May the day never come when I can't find a "fresh" squirrel to eat.


----------



## siberian1 (Jul 8, 2009)

I wonder how they harvest them??


----------



## Capt Quirk (Jul 8, 2009)

siberian1 said:


> I wonder how they harvest them??


They have a squirrel blind outside the Planter's Peanut plant


----------



## Backcountry (Jul 8, 2009)

people can deer meat to eat...why not squirrel? u won't get me to eat it though


----------



## Capt Quirk (Jul 8, 2009)

I think there is a huge difference between canning your own, and buying it off a shelf. At least you know what you add to your own stuff.


----------



## siberian1 (Jul 8, 2009)

Backcountry said:


> people can deer meat to eat...why not squirrel? u won't get me to eat it though



Have you ever eaten Squirrel???


----------



## Backcountry (Jul 8, 2009)

siberian1 said:


> Have you ever eaten Squirrel???



negative.


----------



## Dead Eye Eddy (Jul 13, 2009)

I used to eat squirrels, but now, I just can't get over how much they look like rats.  I still kill a few in the yard with my pellet rifle (they ruined the paint job on my car by chewing pecans over it), but I just feed them to the local cats.  I quit hunting them in the woods years ago.


----------



## olchevy (Jul 13, 2009)

Backcountry said:


> negative.



you got to try it at least once, get you four or five of them little rascals and use tham in some stew....yummy


----------



## fi8shmasty (Jul 16, 2009)

They are canned and dehydrated.   Yuck!!!!!!!!!!


----------



## Mako22 (Jul 16, 2009)

Dead Eye Eddy said:


> I used to eat squirrels, but now, I just can't get over how much they look like rats.  I still kill a few in the yard with my pellet rifle (they ruined the paint job on my car by chewing pecans over it), but I just feed them to the local cats.  I quit hunting them in the woods years ago.

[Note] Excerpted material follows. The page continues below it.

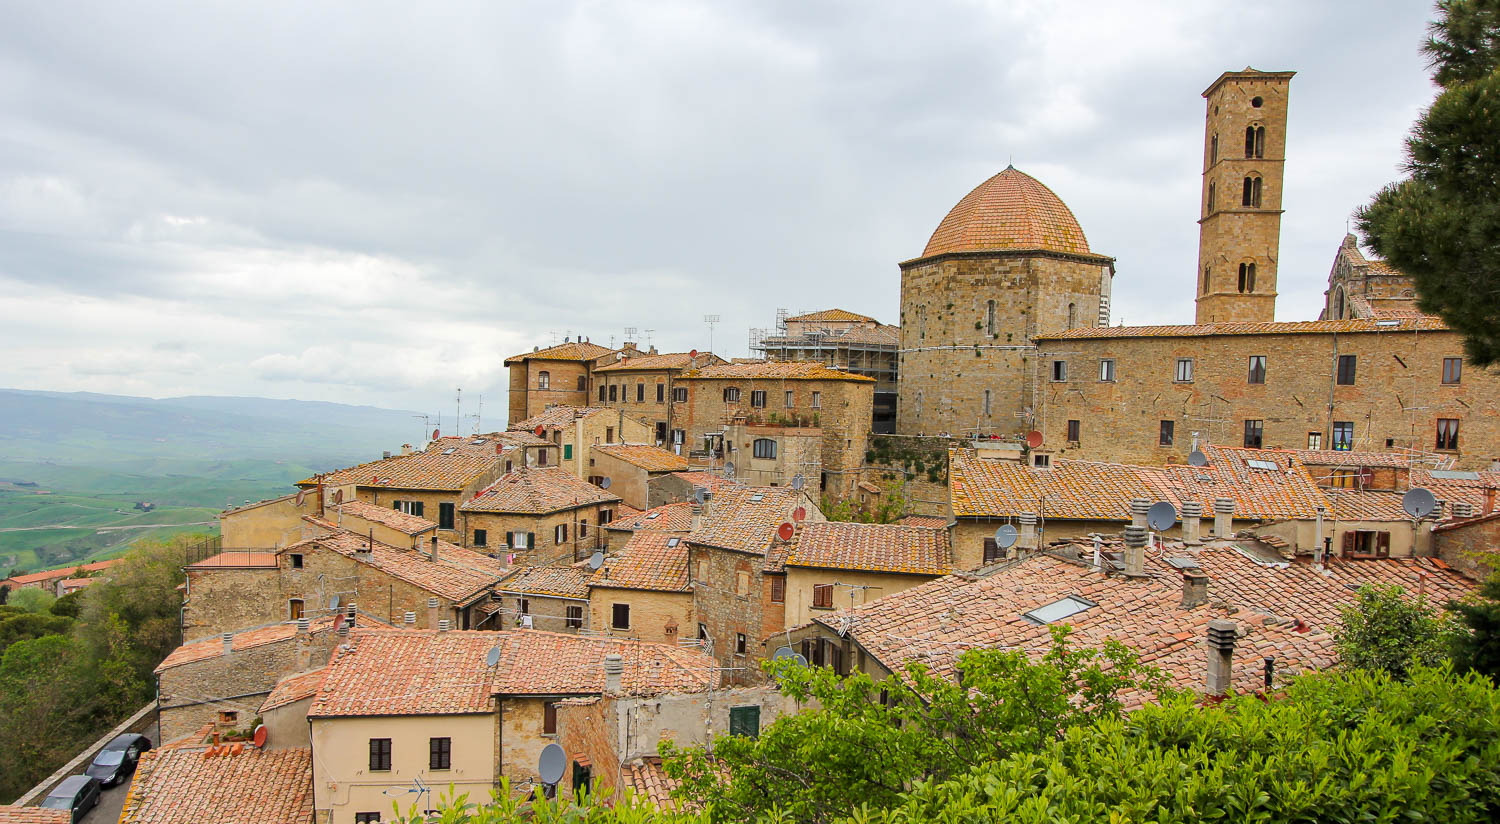 Volterra - Tuscany itinerary - Tuscany things to do
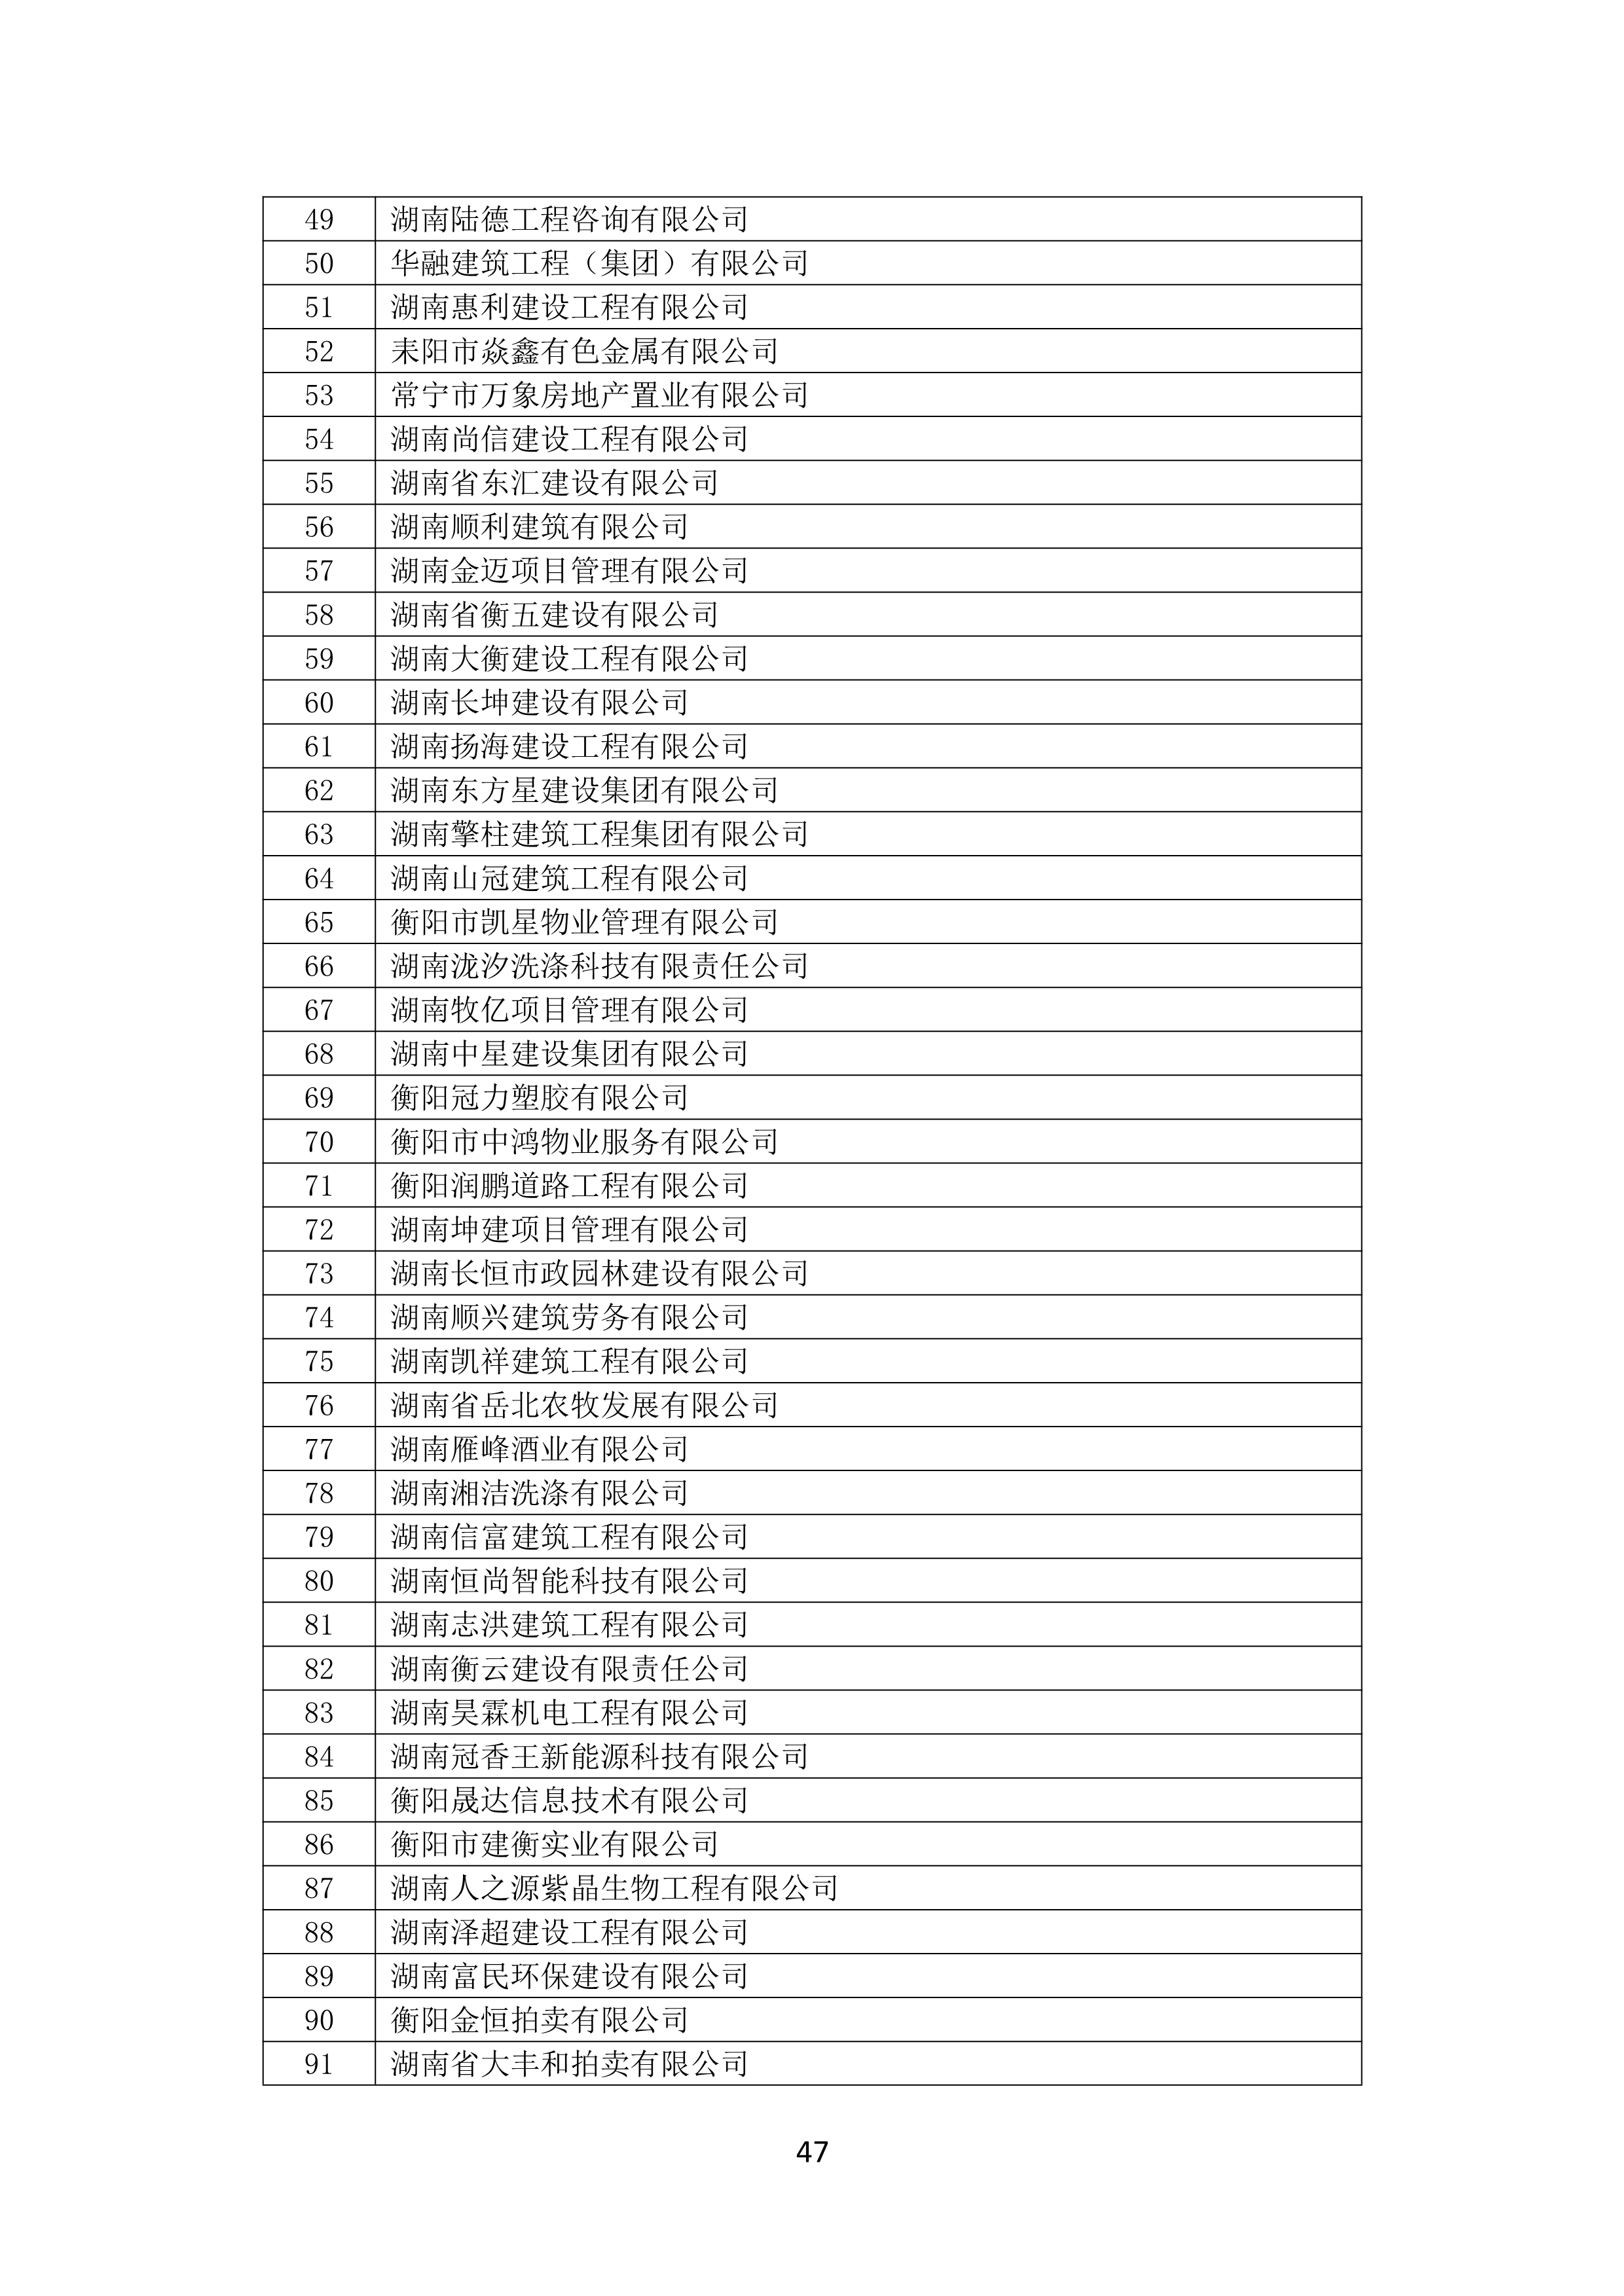 2021 年(nián)度湖南省守合同重信用企業名單_48.png

I'm with ya Eddy it's been about 15 years since I ate one.


----------



## BowChilling (Jul 16, 2009)

Woodsman69 said:


> I'm with ya Eddy it's been about 15 years since I ate one.



Me too! Probably closer to 30 years to be honest! And unless the current economy gets a whole lot worse I've ate my last one! They were okay when I was 18 and willing to try anything!


----------



## Capt Quirk (Jul 16, 2009)

I'm just starting a new adventure late in life, and the motto will be, don't ask what is in the pot, just eat it.


----------



## hawgrider1200 (Jul 16, 2009)

*hungry?*



BowChilling said:


> Me too! Probably closer to 30 years to be honest! And unless the current economy gets a whole lot worse I've ate my last one! They were okay when I was 18 and willing to try anything!



U get plum hungry, I mean haven't eaten in two or three days hungry, U'll eat one again. U'll probably eat a bug.


----------



## olhippie (Jul 16, 2009)

....I enjoy squirrel stew , made just like Brunswick stew. Thomas Jefferson had his own recipe for it, using squirrel as the meaty stews foundation.
.....I personally would rather eat squirrel than hog, the squirrel is a cleaner eating animal by far. They are rodents, but then so are rabbits. I'd prefer a ruminant herbivore like whitetail deer, but squirrel beats hog, bear, or coon by a long shot for me. I mostly pay attention to the animals eating habits. 

....Plus squirrel are tops for honing the rifleman's skill, head shots are the equivalent of popping a fifty cent sized target that generally doesn't sit still for more than a moment here and there. In the company of a couple Decker Terrier squirrel dogs the fun, and rewards, are multiplied even more!


----------



## droptinegirl1 (Aug 17, 2009)

Bake them in barbeque sauce and you can't go wrong! They are better than barbeque chicken wings to me. You have to boil them well first or they are tough. I started hunting them last fall and I was hooked immediately! Now, I never want to go inside. All I think about is hunting. Squirrel are much better than rabbits to me. When I am not squirrel hunting, I am deer hunting or rabbit hunting. Can't wait to try out dove this season. My boyfriend got sick of squirrel season when he couldn't keep me out of the woods and I was neglecting my housewifey duties. I love seeing a squirrel hitting the ground! I almost get the same rush that I get when a deer walks out right in front of me! I just love huntin! Happy hunting!!


----------